DATA FOR THIS EXERCISE section start

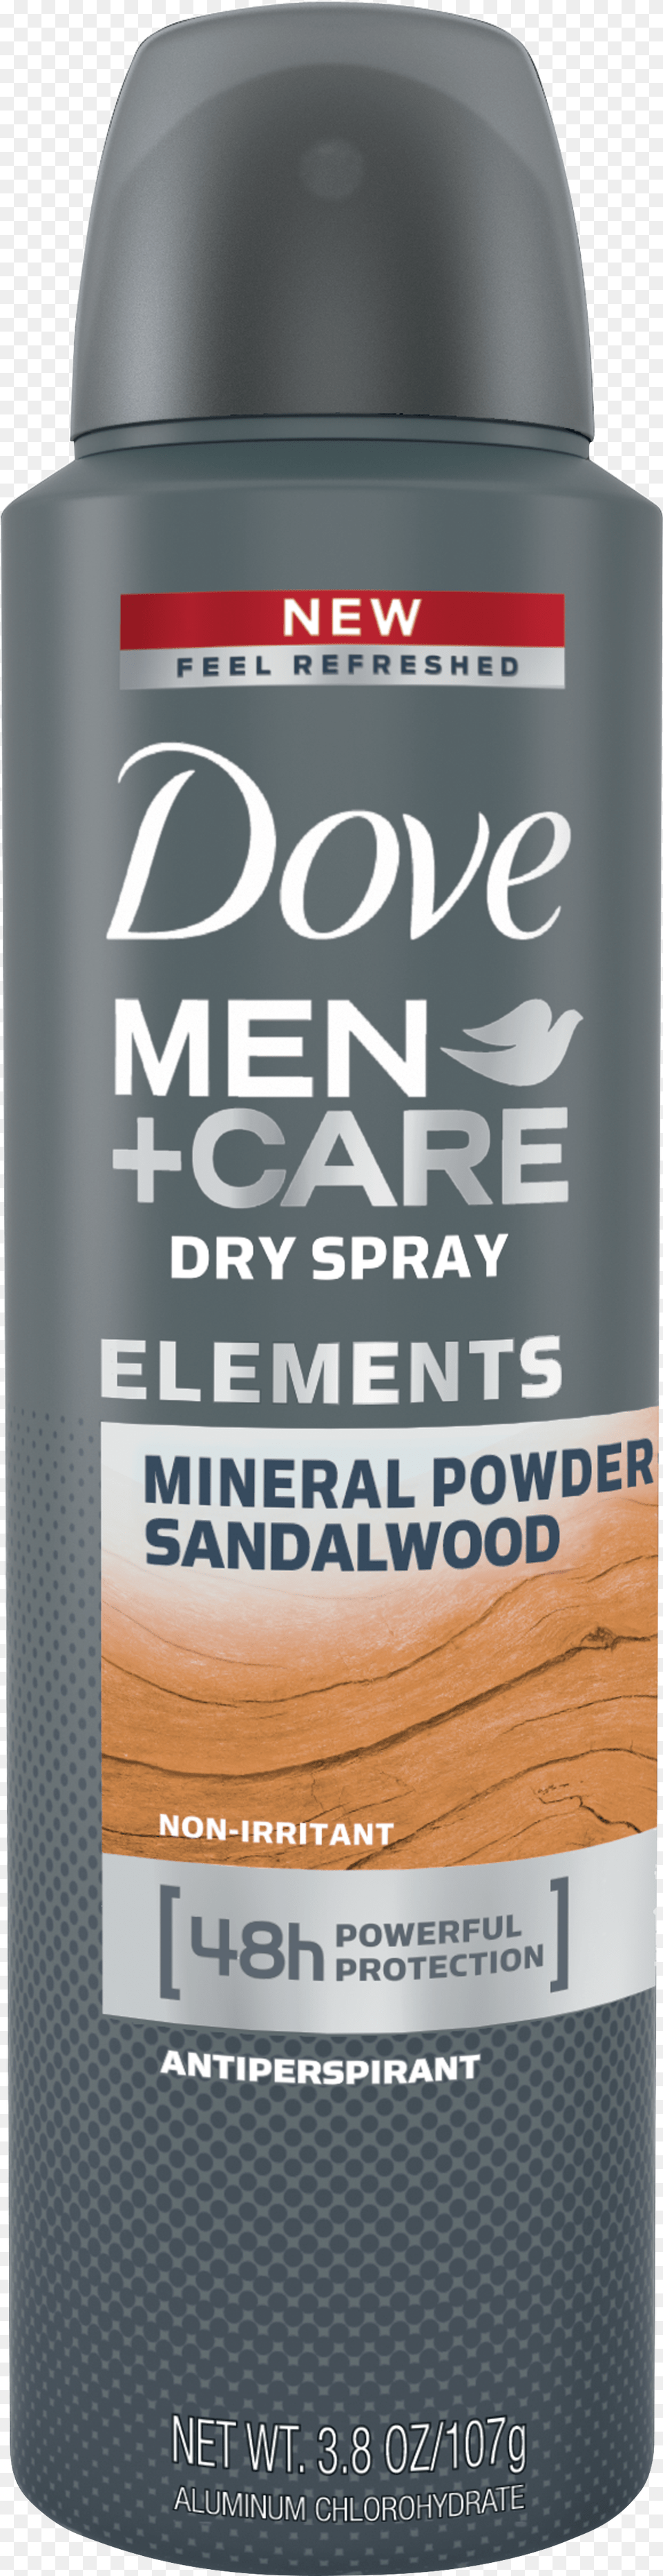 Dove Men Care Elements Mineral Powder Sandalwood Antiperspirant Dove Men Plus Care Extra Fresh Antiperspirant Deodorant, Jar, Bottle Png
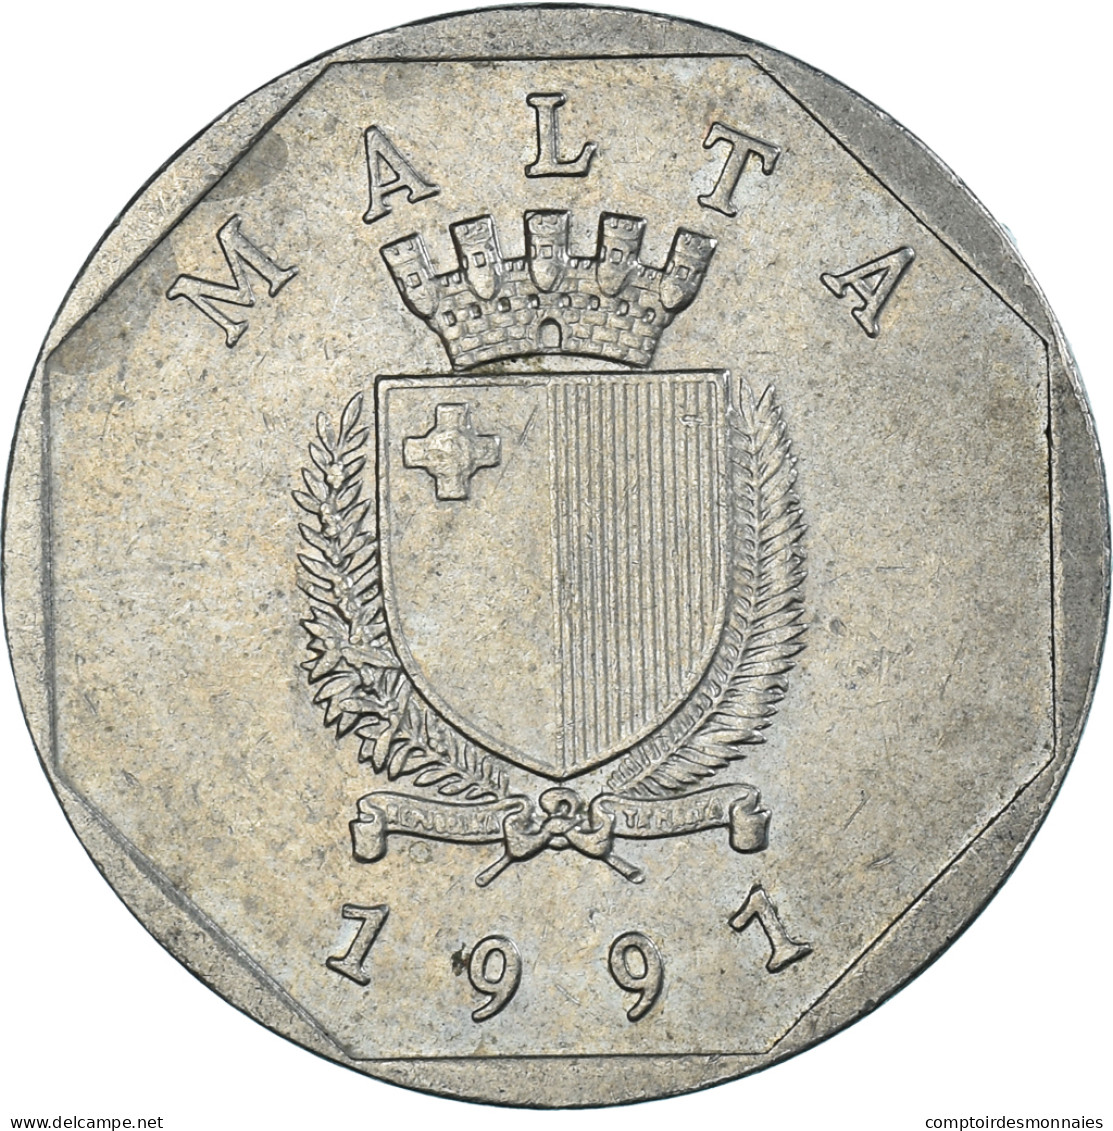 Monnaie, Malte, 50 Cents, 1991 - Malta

DATA FOR THIS EXERCISE section end
DATA FOR THIS EXERCISE section start

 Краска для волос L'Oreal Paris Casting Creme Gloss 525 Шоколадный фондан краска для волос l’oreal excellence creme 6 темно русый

DATA FOR THIS EXERCISE section end
DATA FOR THIS EXERCISE section start

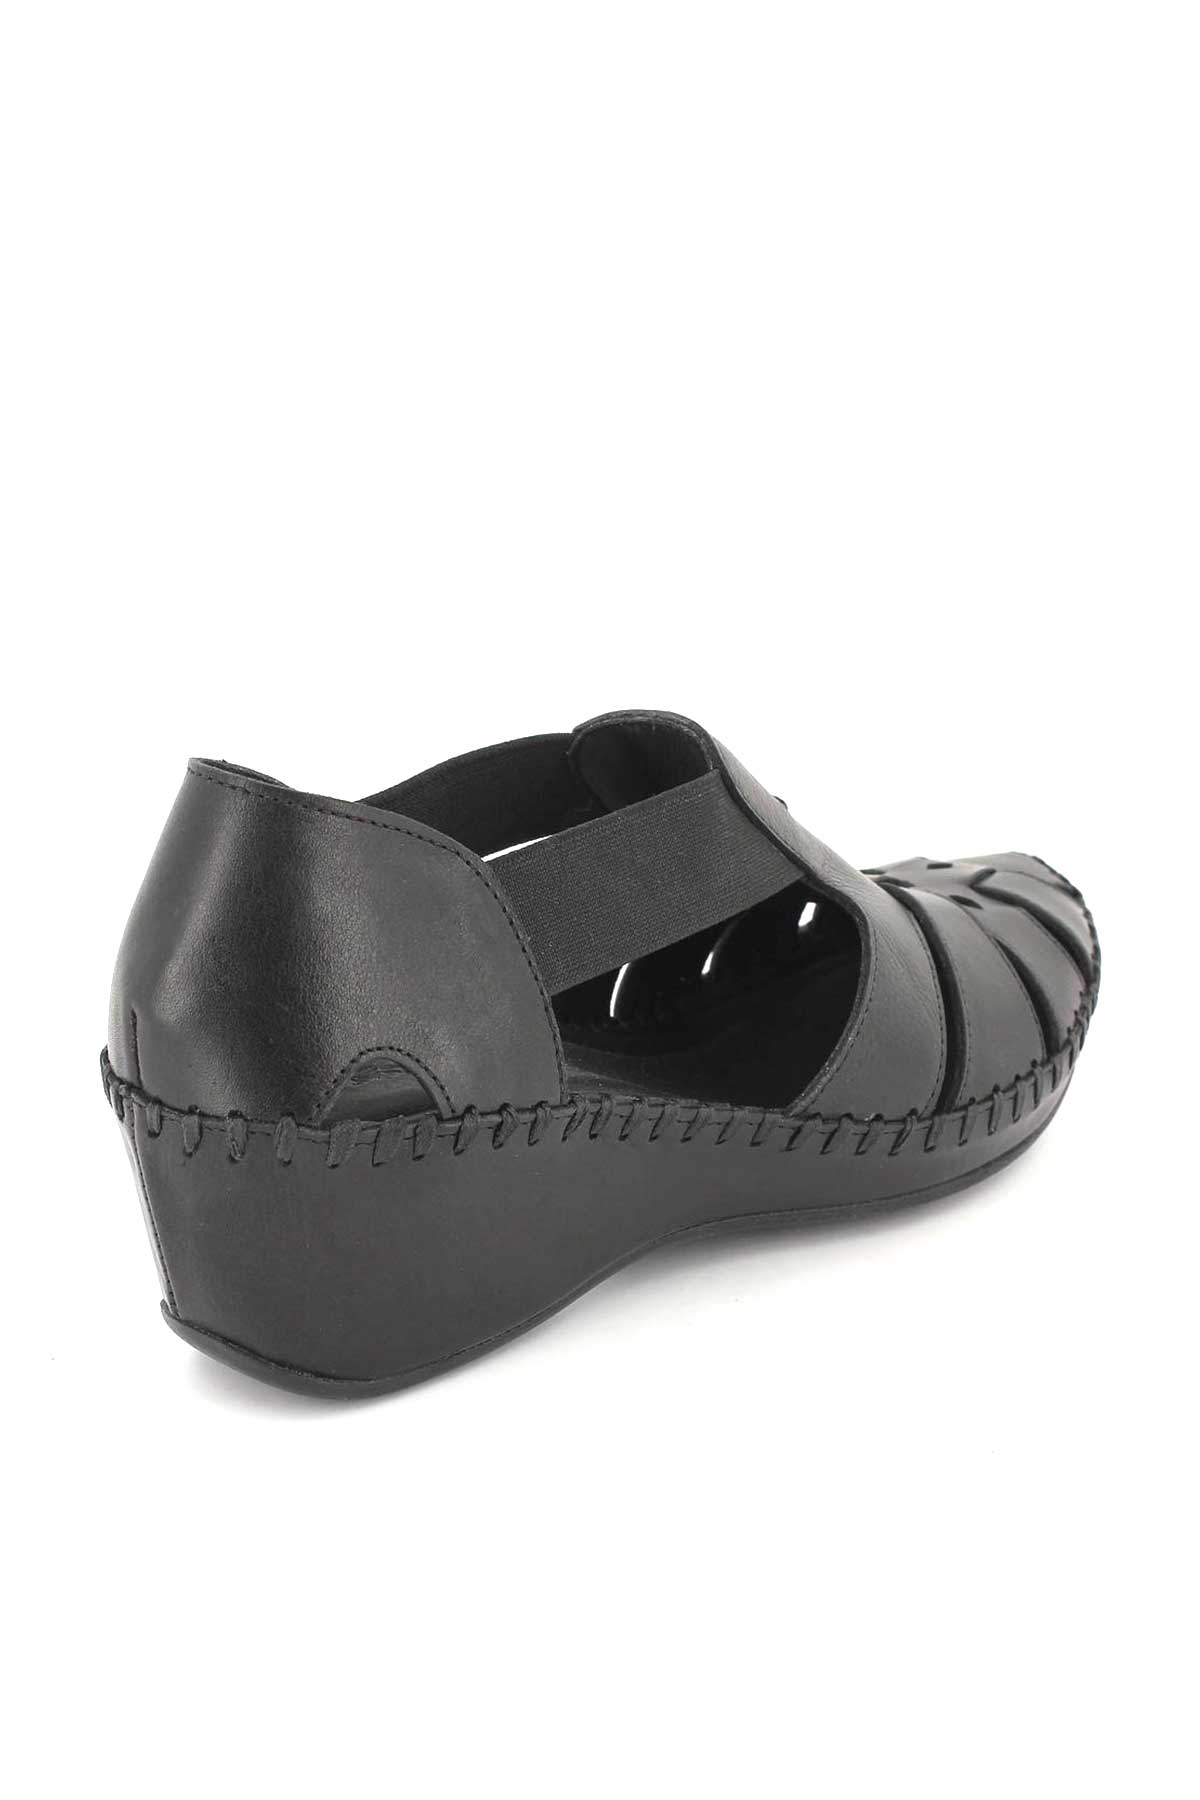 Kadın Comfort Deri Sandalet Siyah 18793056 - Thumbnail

DATA FOR THIS EXERCISE section end

(TASK REQUIREMENTS) While skipping the pictures, transcribe the data above from the line showing "Dove Men Care" through the line showing "Monnaie, Malte, 50 Cents, 1991 - Malta", exactly and with both ends.

(OUTPUT OF THE EXERCISE)
 Dove Men Care Elements Mineral Powder Sandalwood Antiperspirant Dove Men Plus Care Extra Fresh Antiperspirant Deodorant, Jar, Bottle Png
 Monnaie, Malte, 50 Cents, 1991 - Malta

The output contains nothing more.